Otro factor a tener en cuenta es el hecho de que la productividad de una persona aumente con el tamaño de la ciudad en la que vive y trabaja. Las estimaciones recientes de la OCDE sugieren que la productividad aumenta entre un 2% y un 5% cada vez que la población se duplica. Así se desprende de un estudio de la OCDE, en el que se analiza la productividad de ciudades de diferente tamaño en Alemania, México, España, Reino Unido y Estados Unidos.

Tamaño de la productividad por ciudades Fuente.
Tamaño de la población y productividad, por ciudades. Fuente.

Las ventajas de la aglomeración habitualmente provienen de las sinergias que tienen lugar dentro de ella. Así el hecho de que se compartan más recursos, de que haya un mayor ajuste o correspondencia entre recursos y beneficiarios de éstos o de la mayor capacidad para desarrollar un aprendizaje, por la mayor acumulación de conocimiento. Así lo explican Gilles Duranton y Diego Puga en este artículo publicado en 2004.

En las mayores concentraciones urbanas, las empresas se benefician del hecho de disponer de una mayor oferta de bienes públicos a escala local, así como recursos compartidos como laboratorios y universidades públicas, También para las empresas es más fácil que encunetren proveedores. Que respondan mejor a sus necesidades.

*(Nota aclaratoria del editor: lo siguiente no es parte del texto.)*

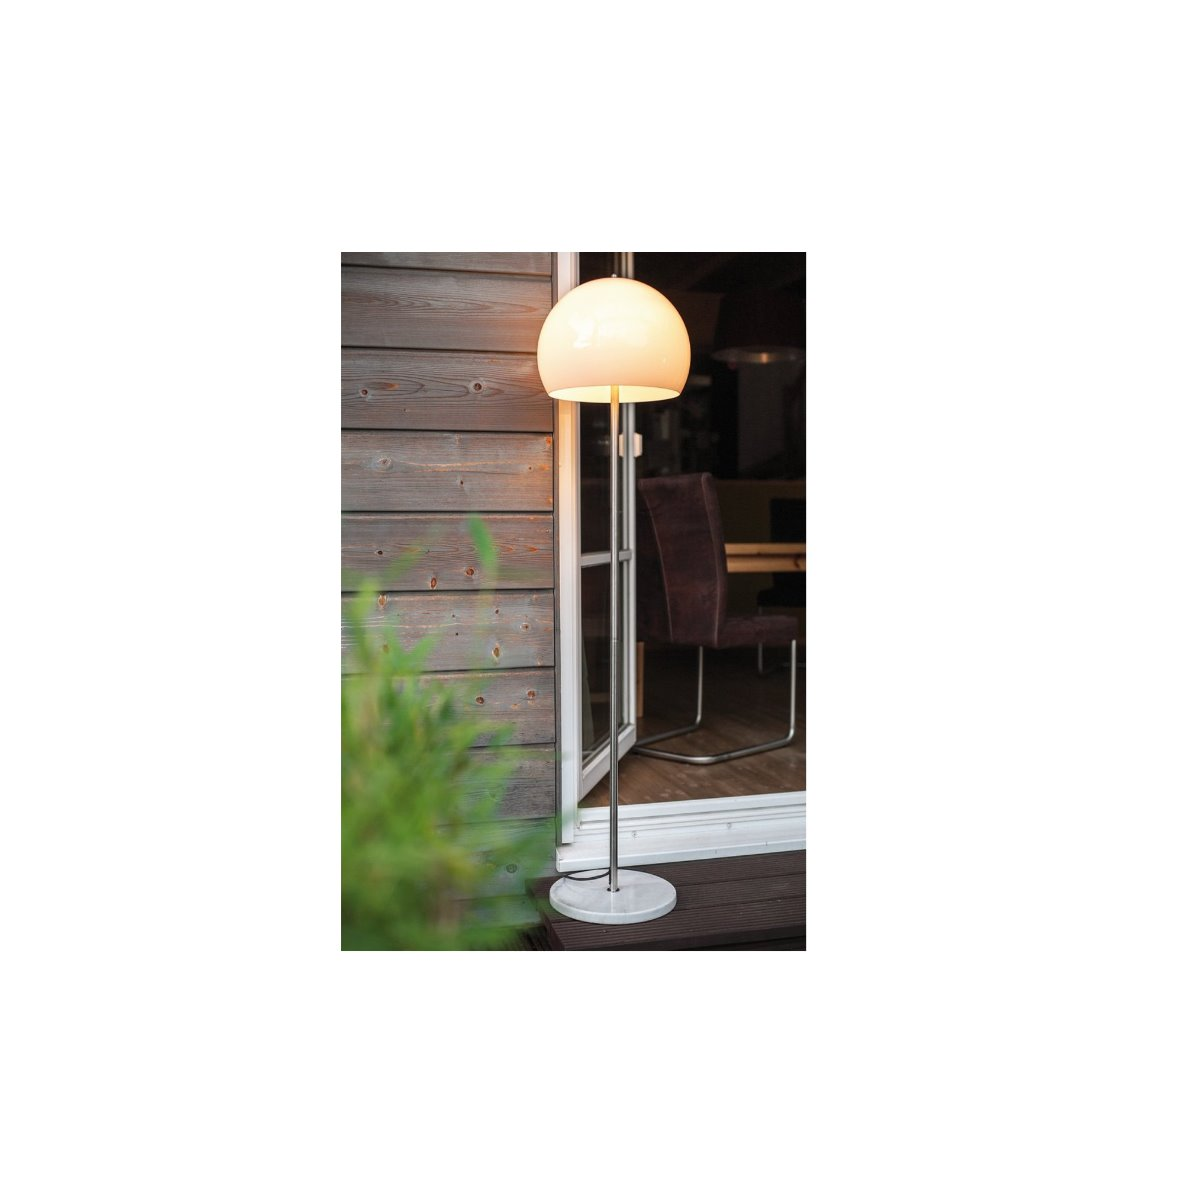 aussenleuchte aussen stehleuchte stehlampe stehleuchte standleuchte marmor au en. Black Bedroom Furniture Sets. Home Design Ideas

De igual modo el mayor tamaño del mercado laboral en estas ciudades hace posible un nivel de flexibidad mayor y una mejor correspondencia entre cualificación y puestos desempeñados. Además, la generación difusión y acumulación de conocimientos resulta más sencilla en las aglomeraciones de mayor tamaño, lo que facilita el acceso tanto a las tecnologías como a las cualificaciones necesarias para el desempeño de trabajos más productivos.

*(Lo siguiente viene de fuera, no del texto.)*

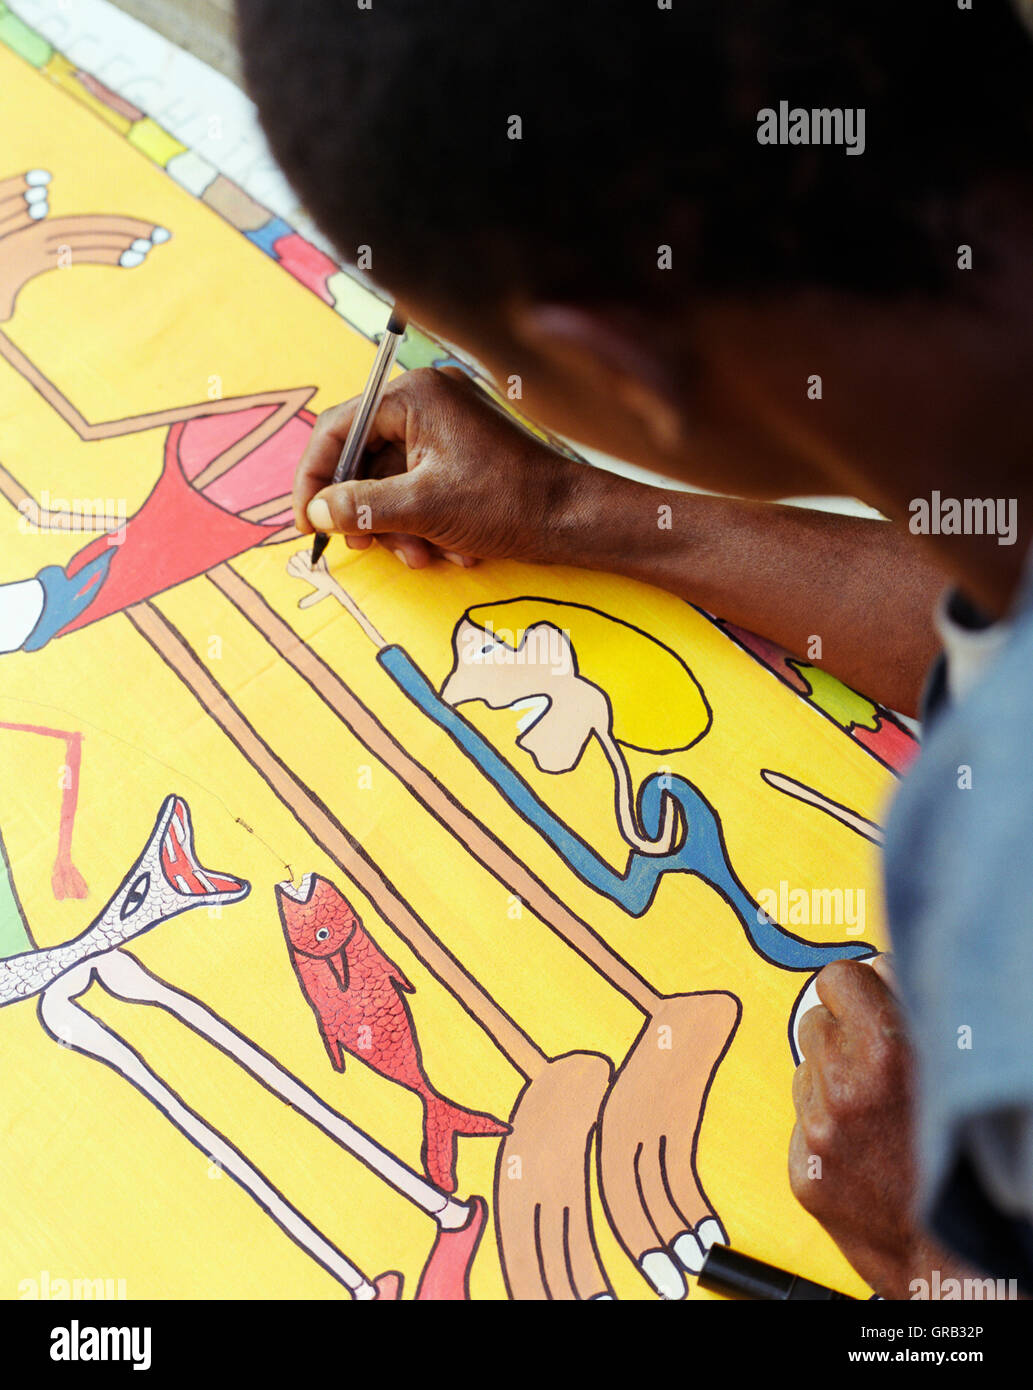 Artista rebelde Fico pinta una pintura en su aldea de Espinho Branco, Santiago, Islas de Cabo Verde, África. Imagen De Stock

También se tiende a pensar que las ventajas de la aglomeración están relacionadas con el hecho de que los ciudadanos estén mejor conectados y que quizá provengan de unos niveles más elevados de capital basado en el conocimiento (activos intangibles) en las empresas ubicadas en ellas.

Pero además, estas ventajas de las aglomeraciones no nacen sólo del aumento de tamaño de la gran ciudad, sino también del crecimiento de las poblaciones que están en contacto con ella, las aglomeraciones vecinas. De este modo, cada vez que se duplica la población residente en concentraciones urbanas dentro de un radio de 300 km se calcula que la productividad de la ciudad situada en el centro aumenta entre un 1 y un 1,5%, según el citado estudio de la OCDE.

España
Relación entre productividad y tamaño de las ciudades españolas. Fuente.

Si bien en el caso de Estados Unidos parece claro que las ciudades más grandes son las más productivas, como puede observarse en el segundo de los gráficos, en el caso de España la tendencia global no se ve de manera tan clara al menos con las ciudades más grandes. Ocurre que algunas ciudades de tamaño medio se sitúan en buenas posiciones de productividad, lo que hace que Madrid y también Barcelona aparezcan más bajas de lo que cabría esperar para ciudades de su tamaño en otros países.

* Fuente: Además de las citadas, este estudio de la Comisión Europea.